How do you treat a prolapse?
We have a number of safe and effective surgeries. It depends on the type of prolapse, but many include a hysterectomy. For that reason, we usually avoid surgery until women are done with childbearing. If a woman is still having children, we usually recommend a pessary, which is a small plastic device inserted into the vagina to support the pelvic organs. In surgeries, we can use ligaments from the woman’s own body to support the organs. Sometimes a mesh is used.
What about the scary TV ads from lawyers about mesh?
Mesh has been used without problems in incontinence surgeries since the early 1990s. Device companies started making slings for prolapse, but prolapse is biologically different. The FDA says these products should go through more testing.
... and other pelvic calamities
Here’s the thing: Urinary incontinence isn’t an old person’s problem. It’s twice as common in women as in men, and about 15 million American women have stress incontinence (the kind that makes jumping or sneezing hazardous). Though it often crops up in middle age or after childbirth, it may be more common in young women than we thought. An Australian survey found one in eight women between 16 and 30 has had incontinence. It’s a fact of life for many, and it’s nothing to be embarrassed about. Here are a few common urinary problems for women, and how you and your doctor can tackle them.
More than 25 million adult Americans have some form of urinary incontinence, and about three-quarters of them are women.
Causes and Cures
Cause: Weak pelvic floor muscles can’t withstand sudden abdominal pressure on the bladder, caused by movements such as sneezing or laughing.
Cure: Depending on severity, women can try exercises to strengthen pelvic floor muscles, a pessary, or surgery that uses a sling to support the urethra.
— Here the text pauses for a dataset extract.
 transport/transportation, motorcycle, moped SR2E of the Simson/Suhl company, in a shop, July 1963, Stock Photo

Cause: After menopause, a drop in hormones causes the mucous lining of the bladder to thin and become easily irritated. This can lead to urgency, the sudden strong urge to urinate.
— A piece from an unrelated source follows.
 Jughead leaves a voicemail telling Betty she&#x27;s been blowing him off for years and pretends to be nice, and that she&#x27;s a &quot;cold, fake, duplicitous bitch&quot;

Cure: In addition to treatments for stress incontinence, your doctor may suggest bladder training (upping the time you can “hold it”), bladder-control medications, or electrically stimulating the nerves that control the bladder.
More frequent UTIs
Cause: If you’re getting urinary infections more frequently as you get older, it may be because the community of microbes living inside you, known as the microbiome, has changed.
Cure: Low-dose estrogen creams applied to the vagina may help strengthen urinary tract tissue and boost infection- fighting proteins.